* **WHAT YOU HAVE TO DO**:
Scan the records below for the line containing "Stone Island Chest" and the line containing "Long collier en". Copy both, plus every line between, exactly.

* **DATA TO PROCESS**:
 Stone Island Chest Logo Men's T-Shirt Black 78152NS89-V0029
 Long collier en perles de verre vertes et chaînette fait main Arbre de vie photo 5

--

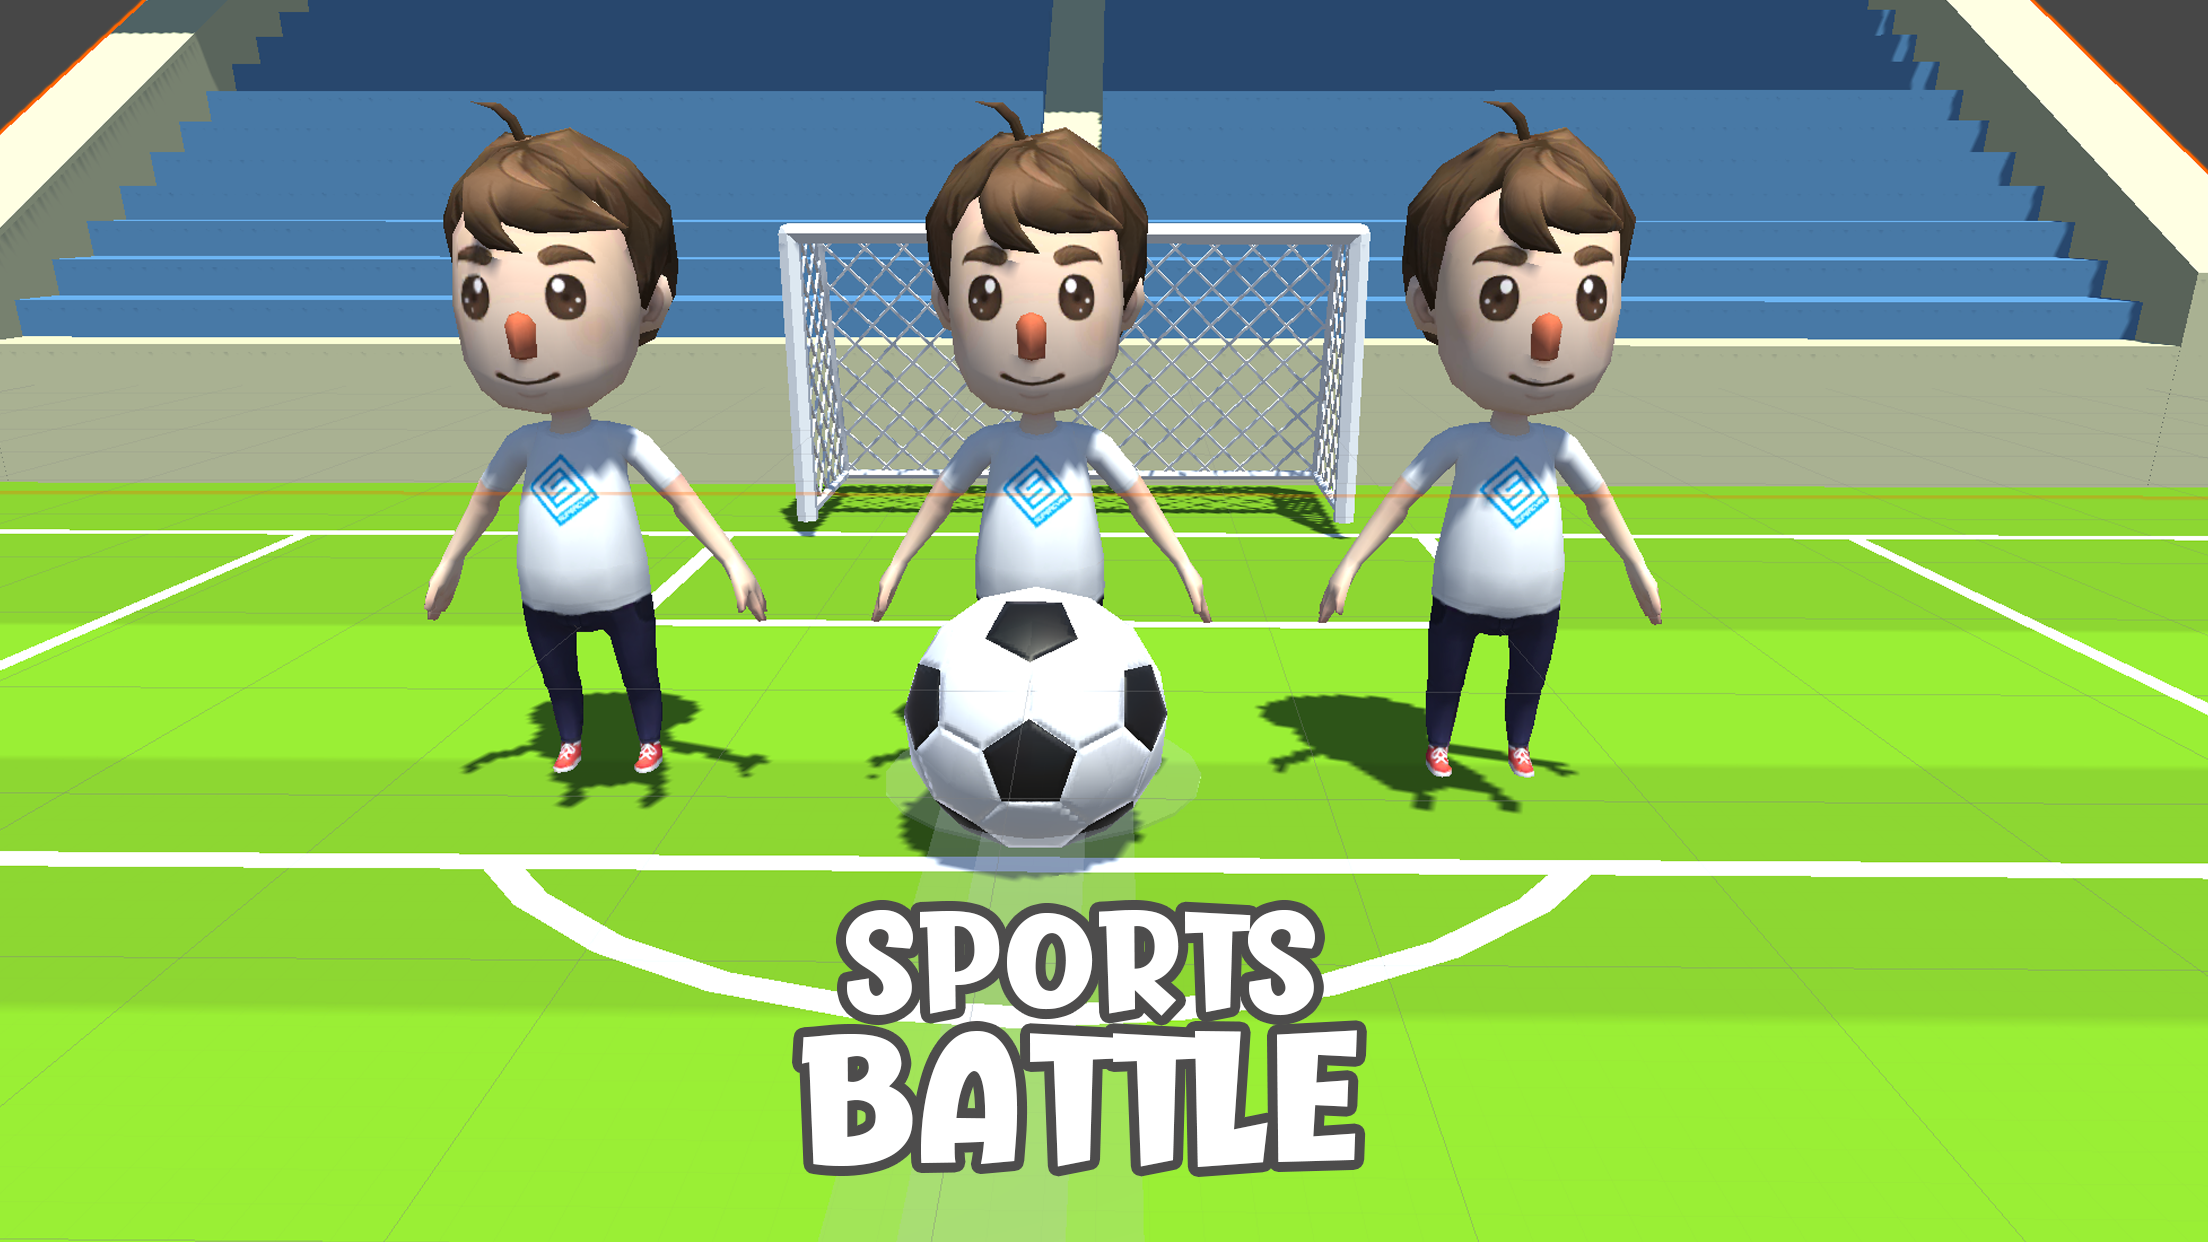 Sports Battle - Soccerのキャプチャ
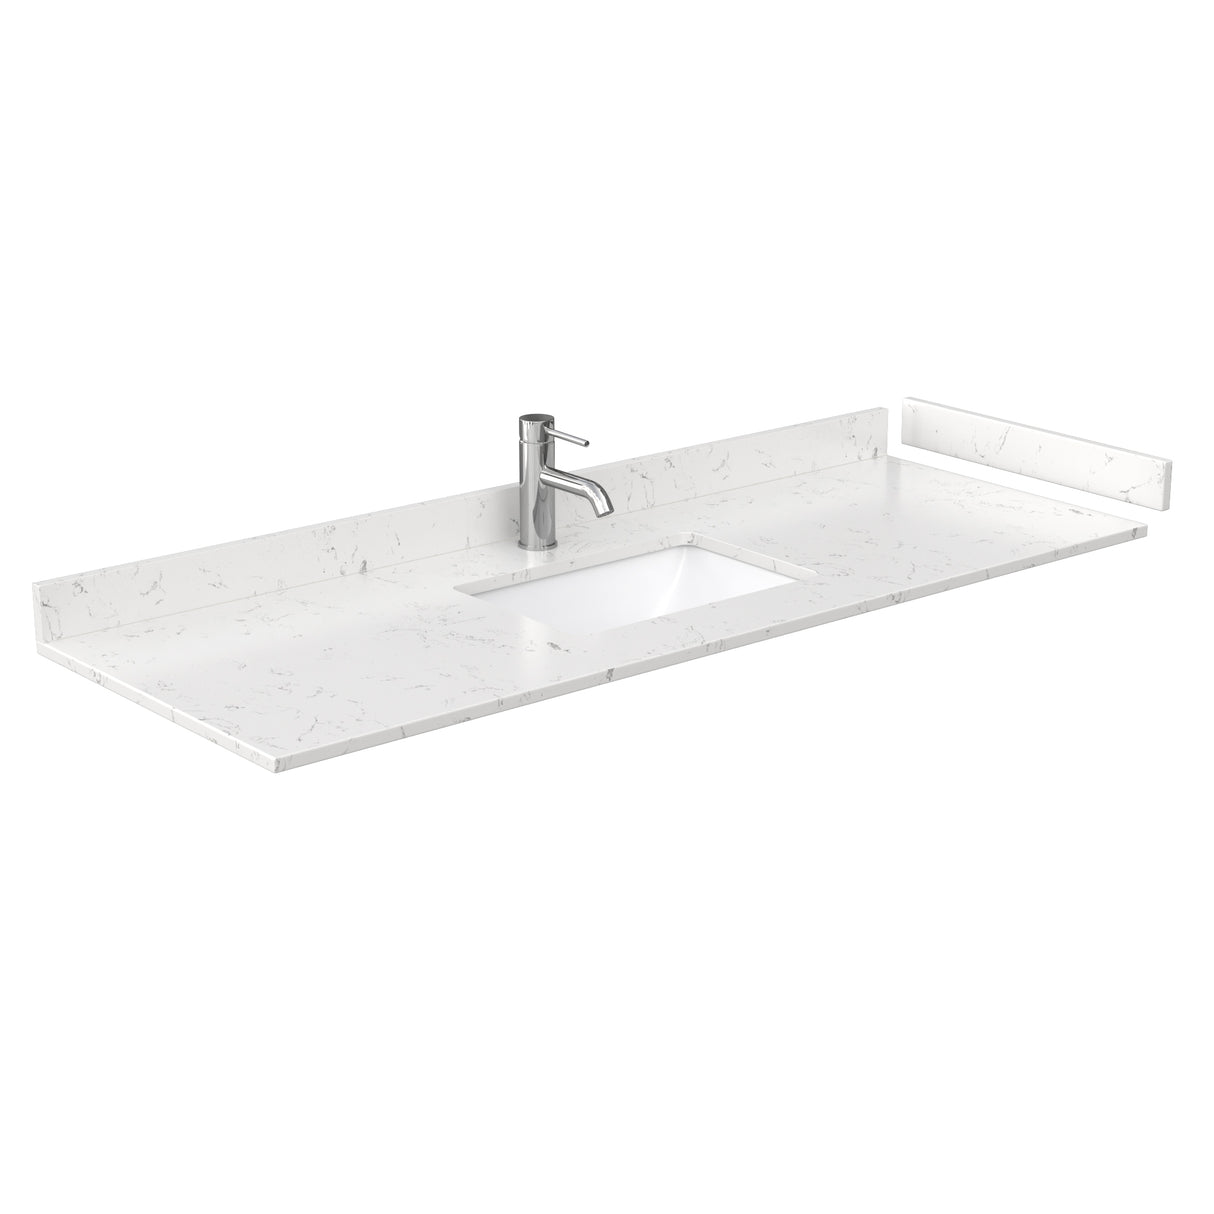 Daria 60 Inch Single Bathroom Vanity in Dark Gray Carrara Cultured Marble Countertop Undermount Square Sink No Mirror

* **PROBLEM SOLUTION**:
 Stone Island Chest Logo Men's T-Shirt Black 78152NS89-V0029
 Long collier en perles de verre vertes et chaînette fait main Arbre de vie photo 5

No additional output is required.